- Strong first half overshadowed by outlook

- Chief executive warns of consumer weakness

- Analysts divided on whether to buy the shares

If investors wanted proof that stock prices discount future profit expectations rather than past earnings, the reaction to today’s trading update from food-to-retail conglomerate Associated British Foods (ABF) should serve as a useful reminder.

Despite a respectable first-half performance, the firm's shares slumped as much as 145p or 7% to £19.25, making them the worst performer in the FTSE 100, on what analysts took to be a gloomy outlook for Primark.

WHY IS MANAGEMENT CAUTIOUS?

On the face of it there was much to like about AB Foods’ interim statement, with group sales to the beginning of March up a healthy 21% to £9.56 billion thanks to strong demand in both the food and retail divisions.

Food sales were up 23% to £5.33 billion, with the Ingredients business performing ‘exceptionally’ well, while Primark sales were up 19% to £4.23 billion driven by higher footfall, higher prices and higher volumes.

‘The performance of our Food businesses was resilient in aggregate, underpinned by an exceptional performance at Ingredients.

‘We were very pleased with the improvement in Primark sales, which recovered strongly from the second half of the last financial year and drove operating profit margin up to 8.3%, higher than we had expected’, commented chief executive George Weston.

However, instead of focusing on the results, the market seized on Weston’s caution over the risks of an economic downturn and the effect that could have on consumer spending.

‘Rising interest rates and a slowdown in global growth, potentially leading to recession in some economies, could exacerbate debt problems, raise risks of emerging market crises, and could trigger market instability.

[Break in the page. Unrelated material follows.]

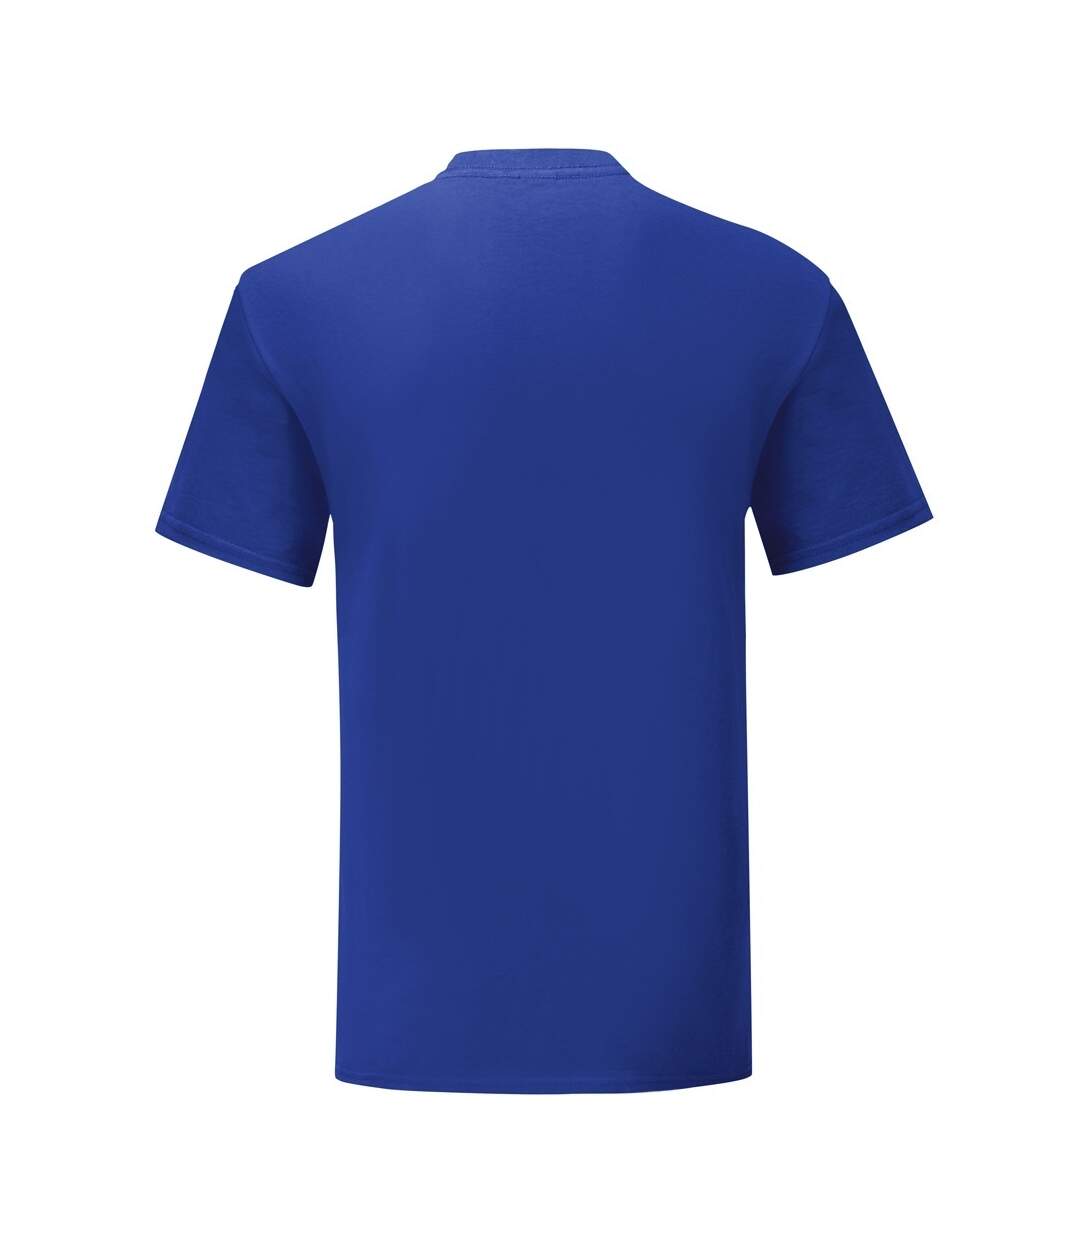 Fruit of the Loom Mens Iconic T-Shirt (Cobalt Blue)

‘Whilst consumer spending has proven to be more resilient in this trading period than anticipated at the start of the financial year, household budgets continue to face real pressures as a result of high inflation, increased interest rates and general economic uncertainty.

‘This means that some consumers are having to make challenging and difficult choices in respect of what they spend and where they spend it.’

WHAT DO ANALYSTS THINK?

The team at Liberum were happy with the results and the financial guidance for the full year, but also picked up on the cautious outlook for household spending.

‘The medium-term growth and margin story at Primark remains intact and recent cost pressures from GBP devaluation and freight costs will reversing in the near future. The consumer backdrop is still tough though which underpins our Hold rating.’

Darren Shirley at Shore Capital was more constructive, noting ‘the more positive tone’ of the Primark update, the retailer’s growing US ambitions and the expansion of its click + collect trial to more UK stores.

Although Shirley left his earnings forecasts for this year and next year unchanged, he described the shares’ EV/EBITDA (enterprise value to earnings before interest, taxes, depreciation and amortisation) rating of 8.1 times this year and 7.2 times next year as ‘not demanding’.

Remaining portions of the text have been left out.